The cost of Brent crude oil decline bellow $51 per barrel for the first time since November 30, 2016.
As of 5:44 (MSK) the prices of May futures for Brent oil fell by 0.70% to $50.94 per dollar on the ICE Exchange in London. The April futures for WTI oil decreased by 0.85% to $48.08 per barrel at the New York Mercantile Exchange (NYMEX), as of 5:44 (MSK).
Oil prices have begun falling after the last publication of the US Energy Ministry on commercial oil reserves during the week ending March 3, 2017, which grew by 8.22 million barrels per weeks vs. the estimated 1.97 million. During the period from March 8 to 10, the prices of May futures for Brent fell by almost $5.
On November 30, 2016, OPEC countries agreed in Vienna on reducing oil production by 1.2 million barrels per day, with a daily cartel-wide cap standing at 32.5 million barrels. Non-OPEC countries agreed to reduce output by 558,000 barrels a day. Russia pledged to cut production by 300,000 barrels daily.
A leading analyst of the National Energy Security Fund, a lecturer at the Financial University under the Government of the Russian Federation, Igor Yushkov, speaking to Vestnik Kavkaza, noted that a decline in oil prices after a three-month growth was quite expected. "The decrease in the production in the OPEC countries and the other exporters that joined them raised prices, which made some of the projects of US oil producers profitable.The question is whether the OPEC countries will somehow encourage traders to purchase futures," he stressed.

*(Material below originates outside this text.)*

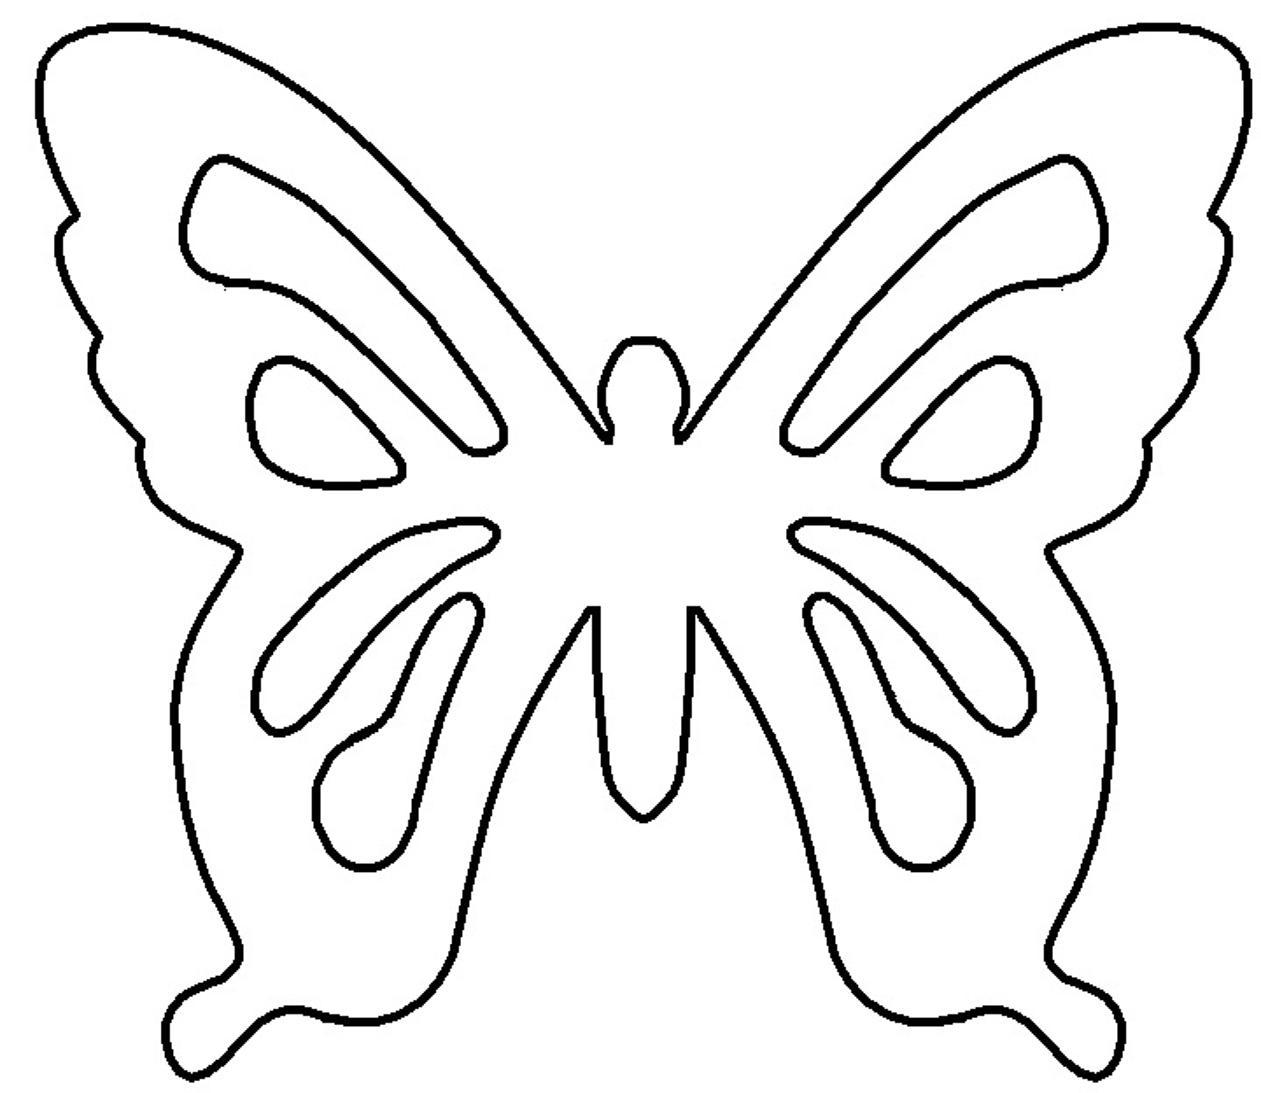 Coloring butterfly cut paper бабочка выкройка из бумаги, для детского творчества

In this regard, we can expect the oil price declining below the psychological threshold of $50 per barrel. "If there are news about the US increasing production, and China reducing its oil consumption, a drop in prices below $50 per barrel is likely. On the other hand, for example, if all the OPEC agreement participants cut output volumes early, it can raise prices to $52-53 per barrel," the expert believes.
Igor Yushkov stressed that the oil price above $50 per barrel will contribute to the extension of the OPEC agreement. "If the oil price does not fall below this level by May, it is possible that the countries will agree to extend the agreement. And if oil is cheaper, it is likely that certain parties to the agreement may refuse," the leading analyst of the National Energy Security Fund explained.
The new decline in oil prices will be more difficult for business, he predicts. "If prices fall again to $40 per barrel, shale companies will be the first to suffer. Which means that no one else will invest in large projects for another two years, and after 5-7 years a severe oil shortage will form due to a long-term lack of investment in oil production. Then oil prices will grow very noticeably," Igor Yushkov expects.
The executive vice-president of NewTech Services, professor of the Gubkin Russian State University of Oil and Gas, Valery Bessel, in turn, drew attention to the fact that the US oil production will always neutralize the effect of reduced oil production in other countries.
"Now there is a struggle for oil markets, and all countries will continue to be present in all markets, including Russia, selling oil at any price. In my opinion, a corridor of $50-55 per barrel will present on the market in the future, since it is comfortable enough, including for the production of shale oil," he pointed out.
Valery Bessel expects that in the future the OPEC agreement will not be prolonged, however, it will not cause the collapse of oil prices. "Oil is balanced around the price most comfortable for virtually all oil producers, almost completely compensating the cost of oil production from shale deposits in the US," the professor of the Rostov State University of Oil and Gas concluded.